In this case, the develop section should be augmented with the packages you would like to develop. There, you can list directories that contain Python packages, which will be build in exactly the order that you specified. With this option, you can tell buildout particularly, in which directories it should look for some packages.

[buildout]
...

eggs = bob.blitz
       bob.example.project

extensions = bob.buildout
             mr.developer

auto-checkout = *

develop = src/bob.blitz
          .

[sources]
bob.blitz = git https://gitlab.idiap.ch/bob/bob.blitz
...

A new section called [sources] appears, where the package information for mr.developer is initialized. For more details, please read its documentation. Again, mr.developer does not automatically place the packages into the develop list (and neither in the eggs), so you have to do that yourself.

With this augmented buildout.cfg, the buildout command will perform the following steps:

  1. It checks out the packages that you specified using mr.developer.
  2. It develops all packages in the develop section (it links the source of the packages to your local environment).
  3. It will go through the list of eggs and search for according packages in the following order:
    1. In one of the already developed directories.
    2. In the python environment, e.g., packages installed with pip.
    3. Online, i.e. on PyPI.
  4. It will populate the ./bin directory with all the console_scripts that you have specified in the setup.py. In our example, this is ./bin/bob_example_project_version.py.

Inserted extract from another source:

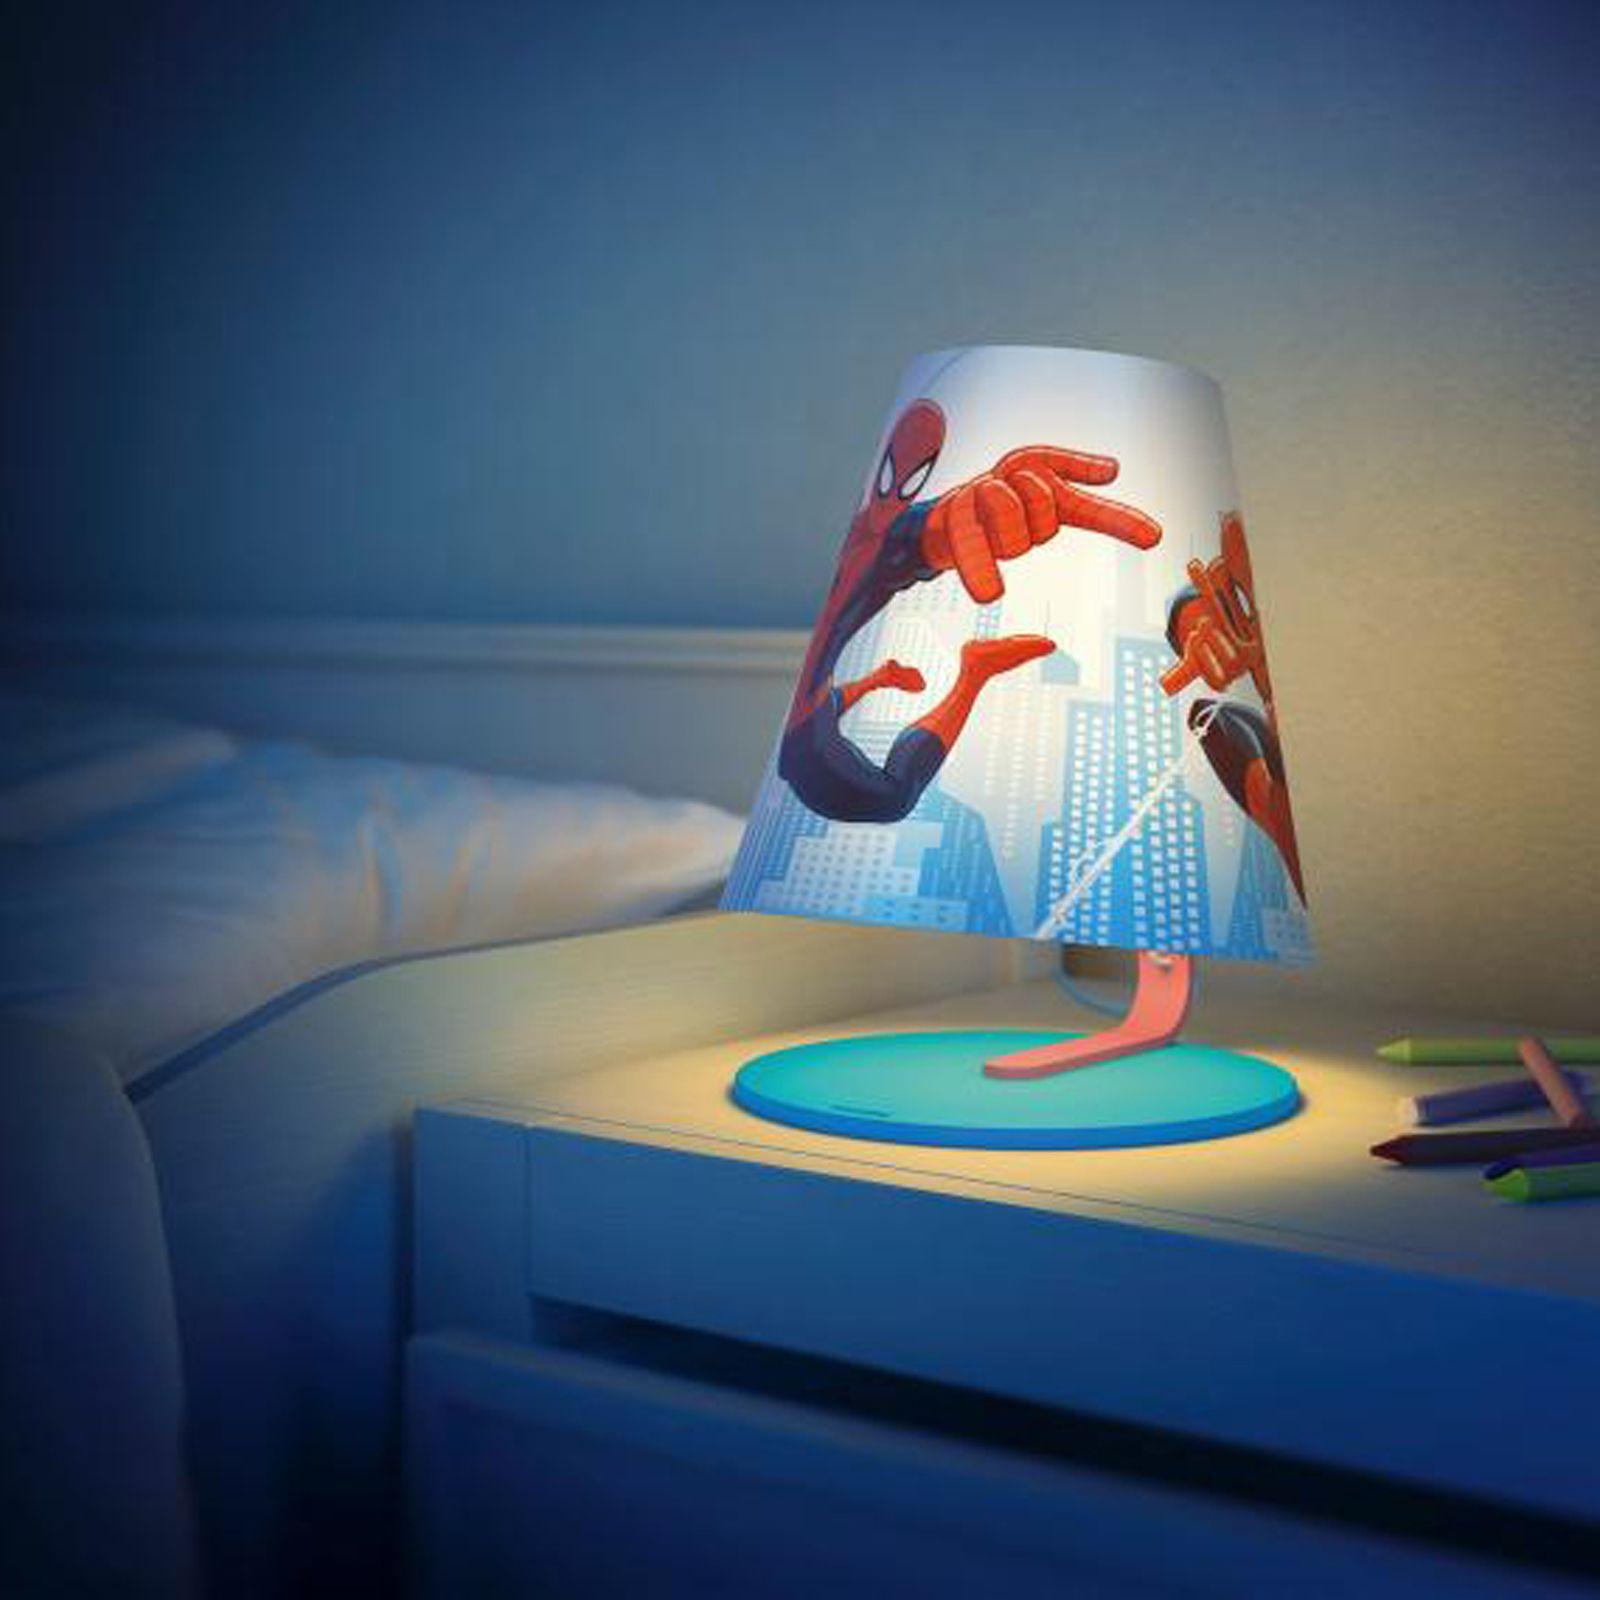 philips enfants chevet lit lampes design divers clairage chambre ebay. Black Bedroom Furniture Sets. Home Design Ideas

The order of packages that you list in eggs and develop are important and dependencies should be listed first. Especially, when you want to use a private package and which not available through pypi. If you do not specify them in order, you might face with some errors like this:

Could not find index page for 'a.bob.package' (maybe misspelled?)

If you see such errors, you may need to add the missing package to eggs and develop and sources (of course, respecting the order of dependencies).

Note

We advise to always have two configuration files to be used with buildout:
  1. A simple minimal buildout.cfg file, such as the one in bob.example.project
  2. A more complete version, called develop.cfg that checks out whatever (Bob) packages that your project depend on.

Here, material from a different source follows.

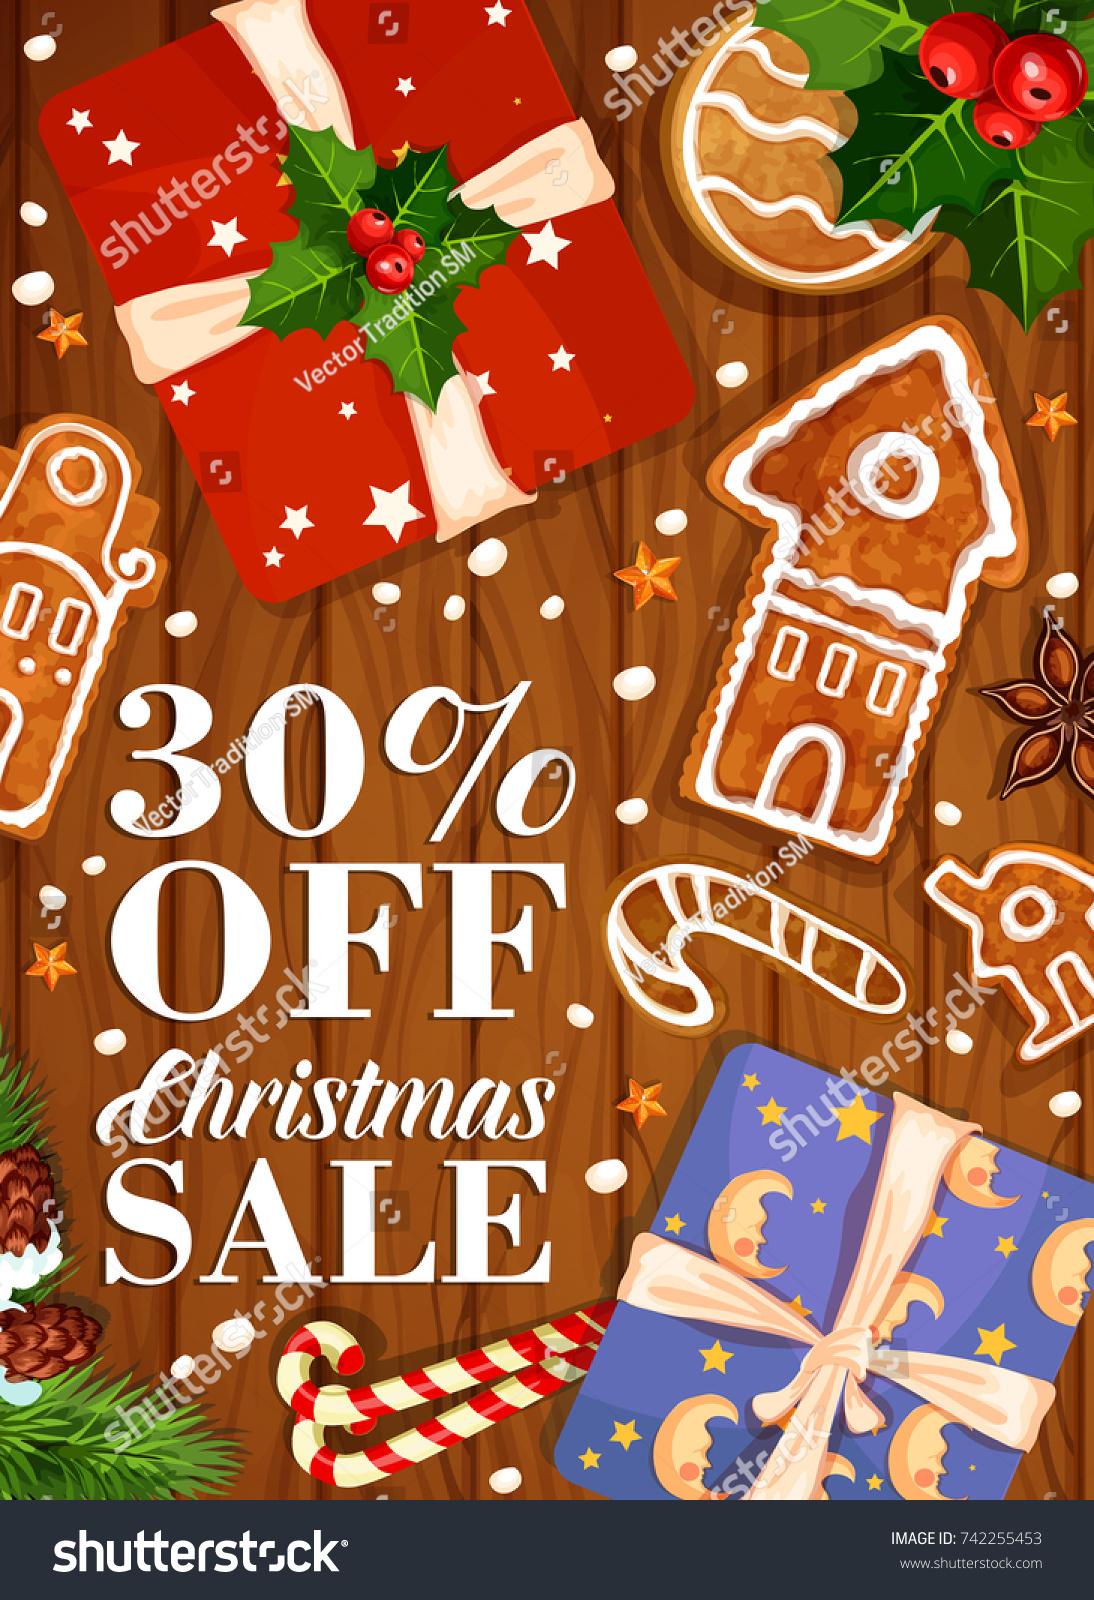 Christmas Sale Poster Santa Gifts Winter Stock Vector (Royalty Free ...

Buildout by default looks for buildout.cfg in your current folder and uses that configuration file. You can specify a different config file with the -c option:

$ buildout -c develop.cfg

Your local environment

After buildout has finished, you should now be able to execute ./bin/bob_example_project_version.py:

$ ./bin/bob_example_project_version.py
bob.blitz: 2.0.5 [api=0x0201] ([PATH]/eggs/bob.blitz-2.0.5-py2.7-linux-x86_64.egg)
* C/C++ dependencies:
  - Blitz++: 0.10
  - Boost: 1.55.0
  - Compiler: {'version': '4.9.2', 'name': 'gcc'}
  - NumPy: {'abi': '0x01000009', 'api': '0x00000009'}
  - Python: 2.7.9
* Python dependencies:
  - bob.extension: 2.0.7 ([PATH]/bob.example.project/eggs/bob.extension-2.0.7-py2.7.egg)
  - numpy: 1.8.2 (/usr/lib/python2.7/dist-packages)
  - setuptools: 15.1 ([PATH]/bob.example.project/eggs/setuptools-15.1-py2.7.egg)

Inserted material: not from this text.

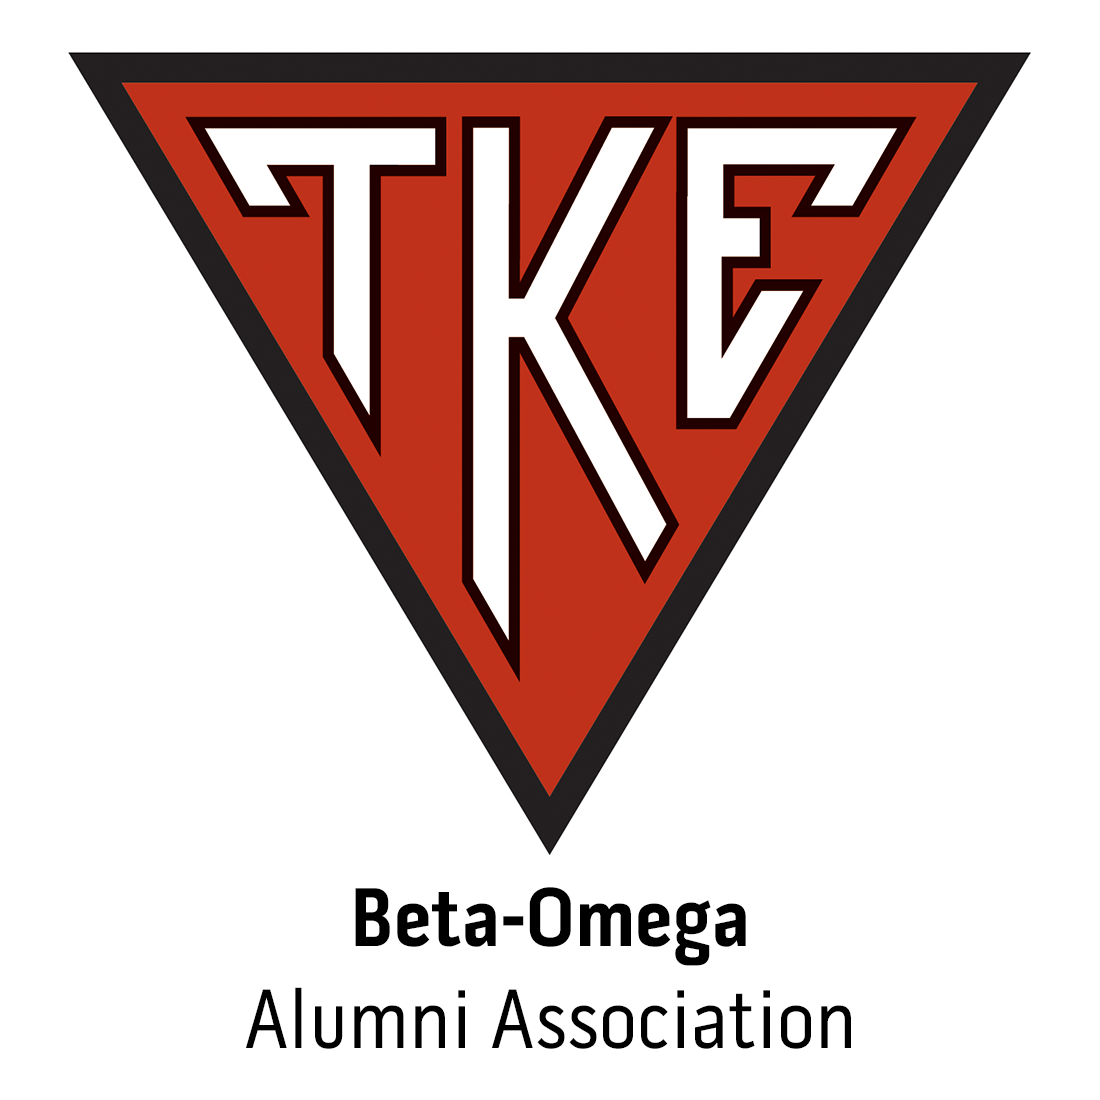 Beta-Omega Alumni Association at Missouri State University

Also, when using the newly generated ./bin/python script, you can access all packages that you have developed, including your own package:

$ ./bin/python
>>> import bob.example.project
>>> print (bob.example.project)
<module 'bob.example.project' from '[PATH]/bob/example/project/__init__.py'>
>>> print (bob.example.project.get_config())
bob.example.project: 0.0.1a0 ([PATH]/bob.example.project)
* Python dependencies:
  - bob.blitz: 2.0.5 ([PATH]/eggs/bob.blitz-2.0.5-py2.7-linux-x86_64.egg)
  - bob.extension: 2.0.7 ([PATH]/bob.example.project/eggs/bob.extension-2.0.7-py2.7.egg)
  - numpy: 1.8.2 (/usr/lib/python2.7/dist-packages)
  - setuptools: 15.1 ([PATH]/bob.example.project/eggs/setuptools-15.1-py2.7.egg)

Everything is now setup for you to continue the development of this package. Modify all required files to setup your own package name, description and dependencies. Start adding files to your library (or libraries) and, if you wish, make this package available in a place with public access to make your research public. We recommend using Gitlab or GitHub. Optionally, drop-us a message talking about the availability of this package so we can add it to the growing list of bob packages.